Dec 3, 2025 by Enrico Migliorini | 280 views
https://cylab.be/blog/460/setting-up-a-llm-via-pythons-huggingface
Ah, Artificial Intelligence. THE contentious topic of the moment, dividing society and being debated by minds much more articulate than mine. Still, notwithstanding its potential for abuse and misuse, non-generative AI can be extremely useful.
Machine learning systems can be revolutionary for those looking to compute proteins’ structures, fight cancer, remove landmines and neutralise hostile threats, among many other potential uses.
A full outline of what modern AI is, how it relates to classical Artificial Intelligence and Machine Learning tools, and its different potentials, is far too large for these margins.
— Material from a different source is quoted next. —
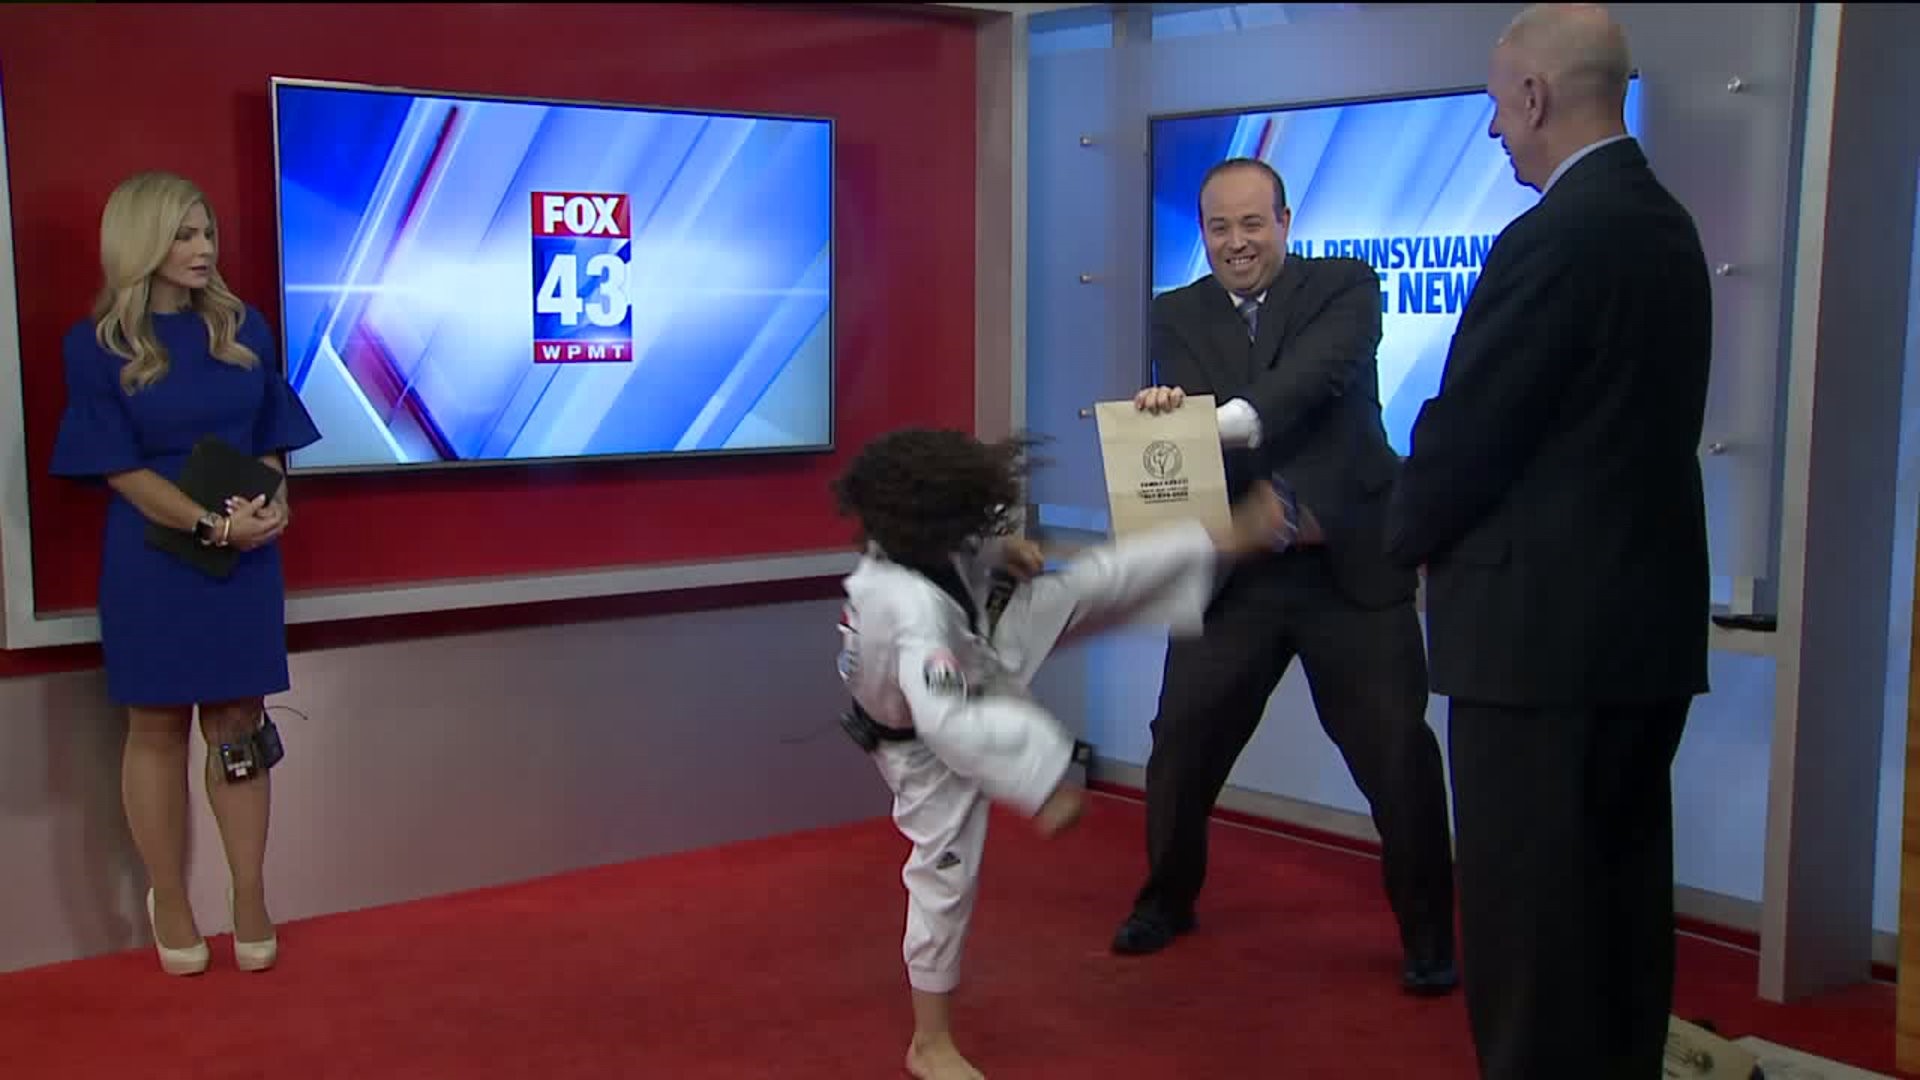 Lebanon County child masters taekwondo at age seven

I will, instead, tell you how to download, personalise and implement a Large Language Model for text classification via the Python HuggingFace library.
Well, I would write the necessary steps for a simple classifier here, but it would not be a lot better than the official one. So, instead, I will try to give you a few pointers for what you might want to do after you have gone through that tutorial.
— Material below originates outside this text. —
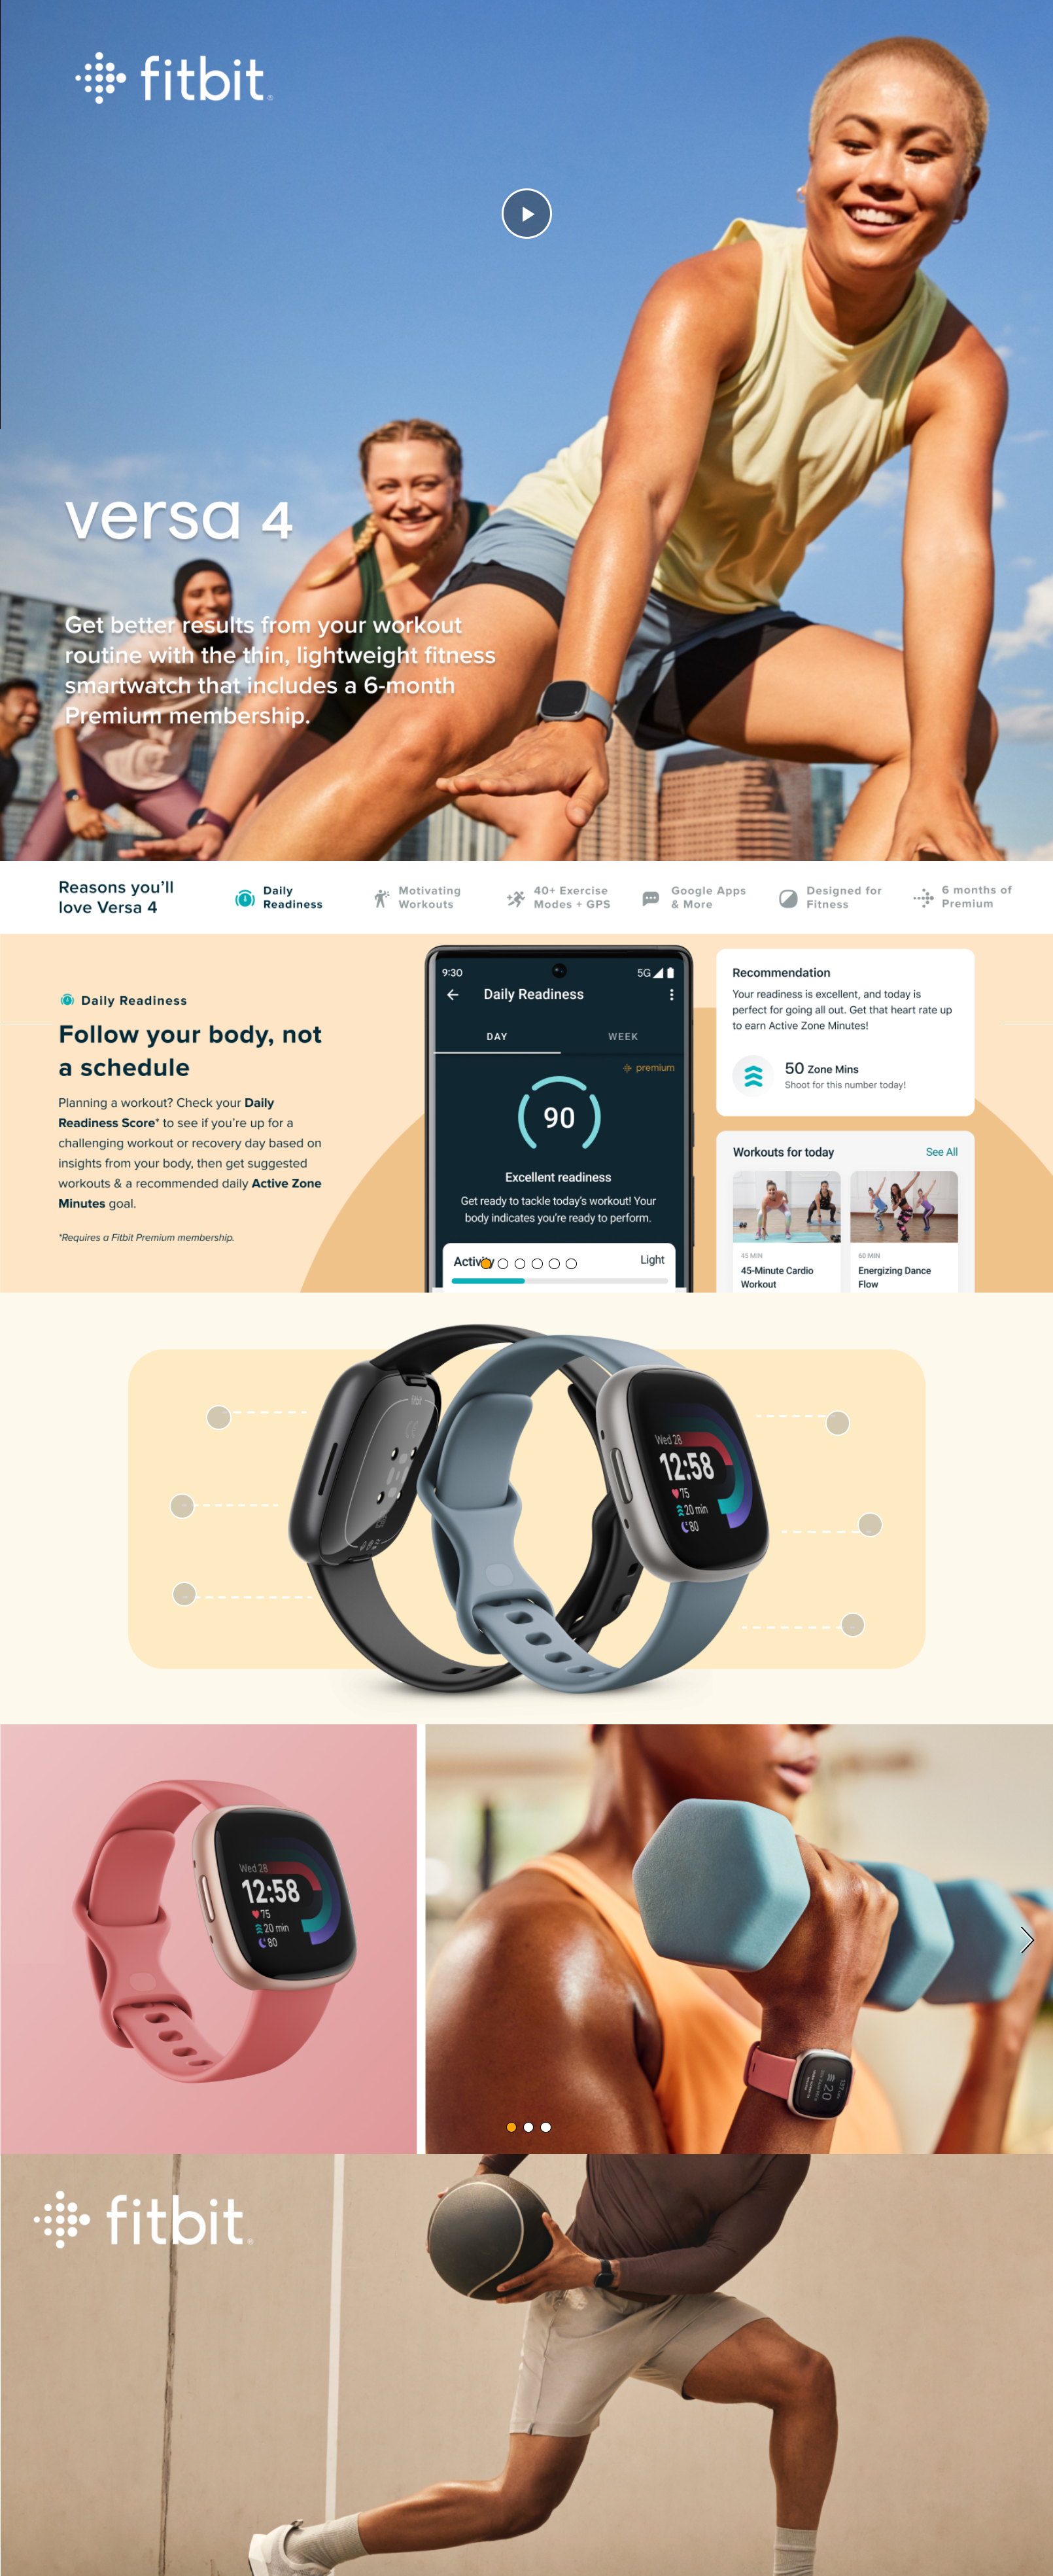 Fitbit Versa 4 Fitness Smartwatch - Black

The most basic tool of the computer scientist is the humble search query pointing you to StackOverflow. This still works for HuggingFace. However, be EXTREMELY careful, as the libraries are updated very fast, and solutions that were highly rated only a few months ago might be outdated and deprecated. Integrate questions with the rather labyrinthine official documentation. This includes this article, which may be outdated by the time you read it.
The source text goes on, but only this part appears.